Cooperative Extension at The University of Arizona understands the importance of helping children and youth find that “spark,” and its 4-H program sets out to make that happen.
Cooperative Extension, part of the university’s College of Agriculture and Life Sciences, serves as a link between the University of Arizona and individuals in an effort to help improve lives, families, communities, the environment and economies.
4-H, one of its programs, is considered the ‘first class’ of the University of Arizona as it works with youth to encourage them to work with others and prepare for their futures.
“Our main objective is around positive youth development,” Jeremy Elliott-Engel, associate director of 4-H youth development within the Cooperative Extension at the University of Arizona, said. “So, the idea is that we help a young person find a spark and help that young person develop mastery in that interest.”
He explained that 4-H’s objective helps build the “5 Cs” for its participants.
When 4-H first began, it focused on agriculture. Now it offers programs and learning opportunities for a variety of interests.
“4-H nationally realizes that only 2 percent of our population grows up on a production farm, and 20 percent of our population has parents in the workforce dealing with the [agriculture] industry,” Elliott-Engel said. “We have an opportunity to share more about where our food comes from because we are in that space in non-[agriculture] participants. And then also, we do lots of work around STEM and leadership and healthy living reaching those other populations.”

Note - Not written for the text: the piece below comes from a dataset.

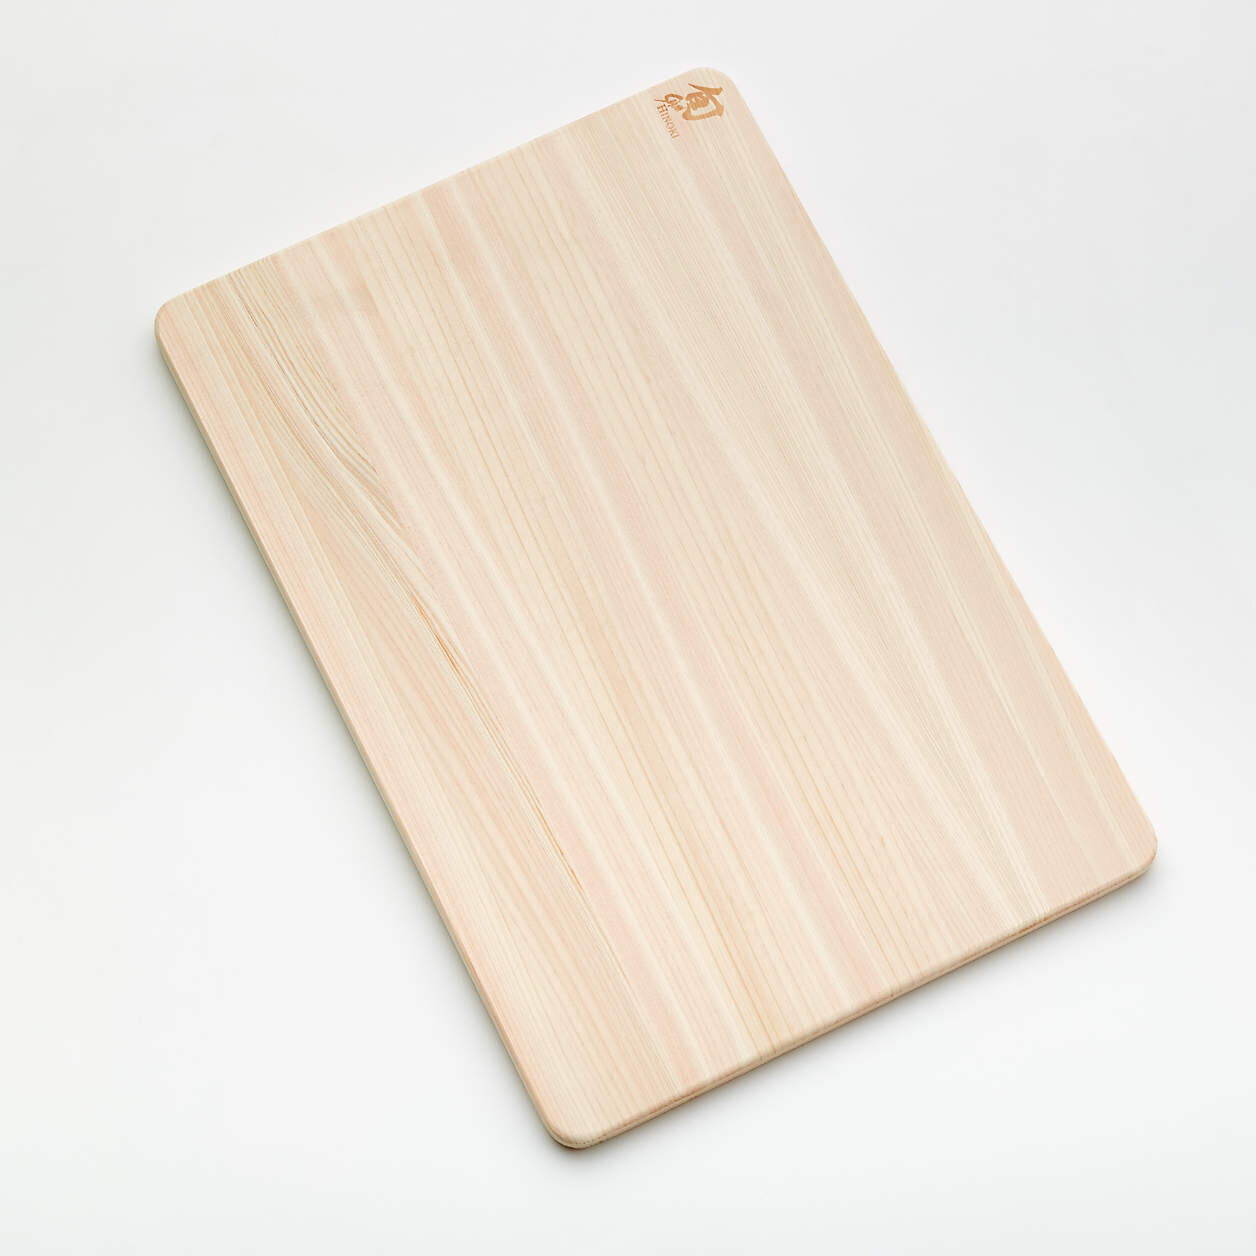 shun-hinoki-cutting-board-medium.jpg

In addition to the participants’ specific interest, 4-H encourages financial preparation.
“There’s encouragement to understand it as a business. If they’re raising a steer, then they’re asked to do the financials on that,” Elliott-Engel said.
He explained, “they’re also asked to do a budget, how they’re expending, are they making any money? And they might not. But, at least they know how much it is they’re spending on those hobbies that’s an interest of theirs.”
Providing a wide range of programs allows children and youth, who are often unsure of their path, to find something that piques their interest.
“I think it all goes back to this idea of the spark, you know? There’s lots of young people that just are like, ‘I don’t know what it is I’m interested in.’ And that’s OK,” Elliott-Engel said. “We’ll take in people and say, ‘Show up.’”
4-H provides children and youth with useful skills and prepares them for their future endeavors. One example of this is Ethel Branch, the Attorney General of the Navajo Nation and former 4-H participant.
“In my high school, we didn’t do a lot of writing. But to do the demonstration projects for 4-H, you’d have to do research, and prepare and organize your presentation in writing,” Branch said in a press release. “It’s very similar to being a lawyer in terms of organizing your arguments, having your exhibits and being able to respond to questions from the people you’re presenting to.”
Elliott-Engel said, “There’s just so much opportunity to give voice to young people and to allow them to see their future in their own community, and to make an impact in their community. I think Ethel embodies that.”